Copy exactly the lines of the data below that run from the line holding "jeonbuk hyundai" through the line holding "загородную недвижимость поезд", both ends included.
***** DATA SECTION *****
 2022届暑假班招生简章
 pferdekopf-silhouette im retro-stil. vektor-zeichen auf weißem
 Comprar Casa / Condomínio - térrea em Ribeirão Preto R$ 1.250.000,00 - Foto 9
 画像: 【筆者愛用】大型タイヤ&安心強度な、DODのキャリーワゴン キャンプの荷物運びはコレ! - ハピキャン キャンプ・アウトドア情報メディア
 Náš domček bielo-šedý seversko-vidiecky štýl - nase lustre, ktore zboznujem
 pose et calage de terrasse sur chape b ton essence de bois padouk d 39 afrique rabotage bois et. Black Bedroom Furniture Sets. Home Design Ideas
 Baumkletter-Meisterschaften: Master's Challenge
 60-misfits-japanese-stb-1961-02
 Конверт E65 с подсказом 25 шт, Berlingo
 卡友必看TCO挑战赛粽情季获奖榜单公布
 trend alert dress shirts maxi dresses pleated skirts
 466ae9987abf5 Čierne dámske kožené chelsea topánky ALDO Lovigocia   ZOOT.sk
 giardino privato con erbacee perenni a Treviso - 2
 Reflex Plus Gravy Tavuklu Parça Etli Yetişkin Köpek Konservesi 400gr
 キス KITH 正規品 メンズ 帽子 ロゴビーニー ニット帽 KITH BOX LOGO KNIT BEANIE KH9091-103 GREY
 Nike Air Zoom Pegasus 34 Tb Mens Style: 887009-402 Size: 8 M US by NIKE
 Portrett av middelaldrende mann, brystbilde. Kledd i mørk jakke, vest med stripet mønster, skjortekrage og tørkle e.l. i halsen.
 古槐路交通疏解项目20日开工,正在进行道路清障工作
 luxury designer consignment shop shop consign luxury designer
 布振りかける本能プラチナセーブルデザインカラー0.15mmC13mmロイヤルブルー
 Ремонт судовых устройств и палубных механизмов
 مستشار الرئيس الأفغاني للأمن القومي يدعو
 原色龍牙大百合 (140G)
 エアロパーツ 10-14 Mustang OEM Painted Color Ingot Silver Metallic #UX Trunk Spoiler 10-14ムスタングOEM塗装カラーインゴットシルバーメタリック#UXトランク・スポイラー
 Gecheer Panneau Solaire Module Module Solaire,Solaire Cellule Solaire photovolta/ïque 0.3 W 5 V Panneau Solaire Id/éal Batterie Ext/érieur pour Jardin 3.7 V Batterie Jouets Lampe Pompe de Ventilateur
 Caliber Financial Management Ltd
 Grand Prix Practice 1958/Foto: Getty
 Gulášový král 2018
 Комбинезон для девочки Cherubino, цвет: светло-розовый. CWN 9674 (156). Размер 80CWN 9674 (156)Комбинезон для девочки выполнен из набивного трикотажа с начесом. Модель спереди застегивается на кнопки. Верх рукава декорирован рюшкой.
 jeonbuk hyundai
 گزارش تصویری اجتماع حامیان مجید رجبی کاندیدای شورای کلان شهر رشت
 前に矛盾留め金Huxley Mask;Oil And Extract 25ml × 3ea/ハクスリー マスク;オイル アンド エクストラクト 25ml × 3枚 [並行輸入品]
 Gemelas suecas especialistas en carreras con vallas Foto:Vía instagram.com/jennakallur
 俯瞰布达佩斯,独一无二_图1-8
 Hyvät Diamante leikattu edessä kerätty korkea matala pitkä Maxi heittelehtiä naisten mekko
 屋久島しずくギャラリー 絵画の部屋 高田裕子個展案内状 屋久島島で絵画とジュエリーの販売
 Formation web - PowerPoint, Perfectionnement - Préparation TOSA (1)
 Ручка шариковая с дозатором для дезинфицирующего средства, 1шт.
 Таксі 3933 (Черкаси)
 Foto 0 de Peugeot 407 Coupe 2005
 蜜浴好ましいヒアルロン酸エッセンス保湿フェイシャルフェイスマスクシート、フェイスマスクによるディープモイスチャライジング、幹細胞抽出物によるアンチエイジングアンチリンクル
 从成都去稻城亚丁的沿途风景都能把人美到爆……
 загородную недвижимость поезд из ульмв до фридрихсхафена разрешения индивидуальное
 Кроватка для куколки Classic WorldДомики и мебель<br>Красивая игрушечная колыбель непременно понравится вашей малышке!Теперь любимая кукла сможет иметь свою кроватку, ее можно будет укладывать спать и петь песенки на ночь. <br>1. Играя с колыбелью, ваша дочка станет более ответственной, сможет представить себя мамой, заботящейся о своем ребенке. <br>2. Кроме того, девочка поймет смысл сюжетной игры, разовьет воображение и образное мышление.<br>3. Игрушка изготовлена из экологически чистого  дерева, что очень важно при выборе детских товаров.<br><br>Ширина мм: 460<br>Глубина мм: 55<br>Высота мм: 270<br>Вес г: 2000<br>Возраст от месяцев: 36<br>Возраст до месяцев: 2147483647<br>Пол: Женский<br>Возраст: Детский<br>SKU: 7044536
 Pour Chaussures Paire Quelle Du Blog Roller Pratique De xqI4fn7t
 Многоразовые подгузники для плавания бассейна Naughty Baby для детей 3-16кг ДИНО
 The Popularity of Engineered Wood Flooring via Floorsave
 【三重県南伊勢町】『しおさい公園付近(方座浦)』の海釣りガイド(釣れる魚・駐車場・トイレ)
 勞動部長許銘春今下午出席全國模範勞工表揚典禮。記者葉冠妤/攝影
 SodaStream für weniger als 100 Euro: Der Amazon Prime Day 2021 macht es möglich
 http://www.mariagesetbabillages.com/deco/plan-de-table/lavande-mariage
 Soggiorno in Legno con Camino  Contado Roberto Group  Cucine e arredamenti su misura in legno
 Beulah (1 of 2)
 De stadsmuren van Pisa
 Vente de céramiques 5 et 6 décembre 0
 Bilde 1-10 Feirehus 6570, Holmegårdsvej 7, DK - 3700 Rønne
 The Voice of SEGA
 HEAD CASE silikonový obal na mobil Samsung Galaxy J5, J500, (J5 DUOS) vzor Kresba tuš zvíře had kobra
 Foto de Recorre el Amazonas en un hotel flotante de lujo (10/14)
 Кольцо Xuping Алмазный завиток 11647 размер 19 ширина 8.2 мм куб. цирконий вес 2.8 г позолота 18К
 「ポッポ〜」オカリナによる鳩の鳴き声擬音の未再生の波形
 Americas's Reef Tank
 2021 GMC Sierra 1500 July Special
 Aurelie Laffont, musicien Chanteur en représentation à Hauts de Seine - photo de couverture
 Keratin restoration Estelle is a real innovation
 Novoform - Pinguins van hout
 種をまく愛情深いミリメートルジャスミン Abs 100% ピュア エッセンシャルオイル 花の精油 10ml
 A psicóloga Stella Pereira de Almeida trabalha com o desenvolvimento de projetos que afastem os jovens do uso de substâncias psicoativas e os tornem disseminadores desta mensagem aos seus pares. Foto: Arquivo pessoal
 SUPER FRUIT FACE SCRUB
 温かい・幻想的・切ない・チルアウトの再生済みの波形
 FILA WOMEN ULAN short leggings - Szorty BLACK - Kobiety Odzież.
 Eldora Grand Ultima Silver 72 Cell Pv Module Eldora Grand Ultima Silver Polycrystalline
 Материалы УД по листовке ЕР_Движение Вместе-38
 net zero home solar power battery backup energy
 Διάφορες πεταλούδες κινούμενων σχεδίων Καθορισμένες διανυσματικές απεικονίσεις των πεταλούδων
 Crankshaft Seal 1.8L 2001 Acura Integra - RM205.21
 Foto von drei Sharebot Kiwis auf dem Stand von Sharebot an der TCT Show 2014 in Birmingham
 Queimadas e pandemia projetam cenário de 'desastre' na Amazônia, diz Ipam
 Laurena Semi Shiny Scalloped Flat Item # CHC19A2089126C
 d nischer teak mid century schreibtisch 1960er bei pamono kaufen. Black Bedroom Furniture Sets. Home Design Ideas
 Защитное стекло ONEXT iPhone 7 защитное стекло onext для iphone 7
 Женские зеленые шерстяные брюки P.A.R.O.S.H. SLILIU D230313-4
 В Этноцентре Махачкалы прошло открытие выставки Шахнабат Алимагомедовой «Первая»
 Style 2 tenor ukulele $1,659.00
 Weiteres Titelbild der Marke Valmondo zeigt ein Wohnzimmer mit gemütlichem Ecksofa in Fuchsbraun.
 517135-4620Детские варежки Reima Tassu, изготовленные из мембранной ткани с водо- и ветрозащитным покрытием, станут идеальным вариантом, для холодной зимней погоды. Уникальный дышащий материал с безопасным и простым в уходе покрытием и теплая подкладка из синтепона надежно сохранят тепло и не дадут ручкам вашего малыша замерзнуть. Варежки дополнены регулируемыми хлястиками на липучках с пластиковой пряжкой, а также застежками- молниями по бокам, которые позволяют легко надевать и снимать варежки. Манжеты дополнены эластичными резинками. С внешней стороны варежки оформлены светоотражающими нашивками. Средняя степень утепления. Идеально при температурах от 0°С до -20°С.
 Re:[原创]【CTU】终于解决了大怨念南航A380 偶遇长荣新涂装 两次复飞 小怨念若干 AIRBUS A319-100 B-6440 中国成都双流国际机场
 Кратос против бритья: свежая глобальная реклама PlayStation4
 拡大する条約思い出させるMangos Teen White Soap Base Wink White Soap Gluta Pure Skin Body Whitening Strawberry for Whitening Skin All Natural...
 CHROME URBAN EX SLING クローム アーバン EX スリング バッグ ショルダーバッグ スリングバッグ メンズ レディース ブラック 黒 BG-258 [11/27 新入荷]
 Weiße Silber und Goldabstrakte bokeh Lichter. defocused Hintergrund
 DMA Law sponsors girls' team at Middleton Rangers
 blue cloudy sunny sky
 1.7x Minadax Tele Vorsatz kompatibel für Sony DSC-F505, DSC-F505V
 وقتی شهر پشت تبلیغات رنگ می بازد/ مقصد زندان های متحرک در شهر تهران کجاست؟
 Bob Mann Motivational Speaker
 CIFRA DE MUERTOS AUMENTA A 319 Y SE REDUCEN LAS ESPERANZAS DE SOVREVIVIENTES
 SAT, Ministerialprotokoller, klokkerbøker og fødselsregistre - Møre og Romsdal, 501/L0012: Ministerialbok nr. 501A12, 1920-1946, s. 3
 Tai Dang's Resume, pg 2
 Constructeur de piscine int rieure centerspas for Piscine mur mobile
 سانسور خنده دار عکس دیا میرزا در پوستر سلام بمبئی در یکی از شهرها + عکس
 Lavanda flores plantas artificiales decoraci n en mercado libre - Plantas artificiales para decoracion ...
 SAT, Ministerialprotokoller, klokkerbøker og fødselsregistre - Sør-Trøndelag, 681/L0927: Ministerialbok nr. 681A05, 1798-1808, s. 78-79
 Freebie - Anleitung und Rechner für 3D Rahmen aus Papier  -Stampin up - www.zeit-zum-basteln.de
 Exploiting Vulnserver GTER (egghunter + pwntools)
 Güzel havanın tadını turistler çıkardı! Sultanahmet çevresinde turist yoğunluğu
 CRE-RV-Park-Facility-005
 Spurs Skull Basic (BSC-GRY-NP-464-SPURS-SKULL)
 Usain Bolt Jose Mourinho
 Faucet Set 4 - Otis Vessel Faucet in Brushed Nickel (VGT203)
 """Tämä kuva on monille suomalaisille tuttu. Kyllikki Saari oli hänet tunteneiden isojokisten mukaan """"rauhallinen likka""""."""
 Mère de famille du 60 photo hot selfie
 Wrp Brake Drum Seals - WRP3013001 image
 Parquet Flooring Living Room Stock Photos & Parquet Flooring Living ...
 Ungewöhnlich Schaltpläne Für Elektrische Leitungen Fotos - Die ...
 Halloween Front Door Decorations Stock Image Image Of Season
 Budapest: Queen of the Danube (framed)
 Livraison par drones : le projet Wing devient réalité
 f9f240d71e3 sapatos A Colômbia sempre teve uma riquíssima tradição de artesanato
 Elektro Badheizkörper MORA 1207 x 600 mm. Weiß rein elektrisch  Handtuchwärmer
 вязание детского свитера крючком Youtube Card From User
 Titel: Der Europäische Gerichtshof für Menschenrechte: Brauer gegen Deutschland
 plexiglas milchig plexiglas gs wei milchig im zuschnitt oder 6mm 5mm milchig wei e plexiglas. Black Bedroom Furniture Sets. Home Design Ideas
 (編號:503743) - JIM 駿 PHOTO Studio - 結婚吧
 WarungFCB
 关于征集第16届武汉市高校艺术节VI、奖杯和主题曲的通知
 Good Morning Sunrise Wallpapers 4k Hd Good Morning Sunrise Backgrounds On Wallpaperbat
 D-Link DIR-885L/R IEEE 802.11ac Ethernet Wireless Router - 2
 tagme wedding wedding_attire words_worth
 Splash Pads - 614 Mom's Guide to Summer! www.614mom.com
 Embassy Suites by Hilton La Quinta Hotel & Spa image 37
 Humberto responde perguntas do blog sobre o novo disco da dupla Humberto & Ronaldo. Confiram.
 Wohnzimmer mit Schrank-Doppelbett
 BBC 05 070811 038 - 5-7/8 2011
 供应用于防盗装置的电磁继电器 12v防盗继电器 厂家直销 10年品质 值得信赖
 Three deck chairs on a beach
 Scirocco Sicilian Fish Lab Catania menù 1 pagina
*****
RESULT FOR THIS TASK -
 jeonbuk hyundai
 گزارش تصویری اجتماع حامیان مجید رجبی کاندیدای شورای کلان شهر رشت
 前に矛盾留め金Huxley Mask;Oil And Extract 25ml × 3ea/ハクスリー マスク;オイル アンド エクストラクト 25ml × 3枚 [並行輸入品]
 Gemelas suecas especialistas en carreras con vallas Foto:Vía instagram.com/jennakallur
 俯瞰布达佩斯,独一无二_图1-8
 Hyvät Diamante leikattu edessä kerätty korkea matala pitkä Maxi heittelehtiä naisten mekko
 屋久島しずくギャラリー 絵画の部屋 高田裕子個展案内状 屋久島島で絵画とジュエリーの販売
 Formation web - PowerPoint, Perfectionnement - Préparation TOSA (1)
 Ручка шариковая с дозатором для дезинфицирующего средства, 1шт.
 Таксі 3933 (Черкаси)
 Foto 0 de Peugeot 407 Coupe 2005
 蜜浴好ましいヒアルロン酸エッセンス保湿フェイシャルフェイスマスクシート、フェイスマスクによるディープモイスチャライジング、幹細胞抽出物によるアンチエイジングアンチリンクル
 从成都去稻城亚丁的沿途风景都能把人美到爆……
 загородную недвижимость поезд из ульмв до фридрихсхафена разрешения индивидуальное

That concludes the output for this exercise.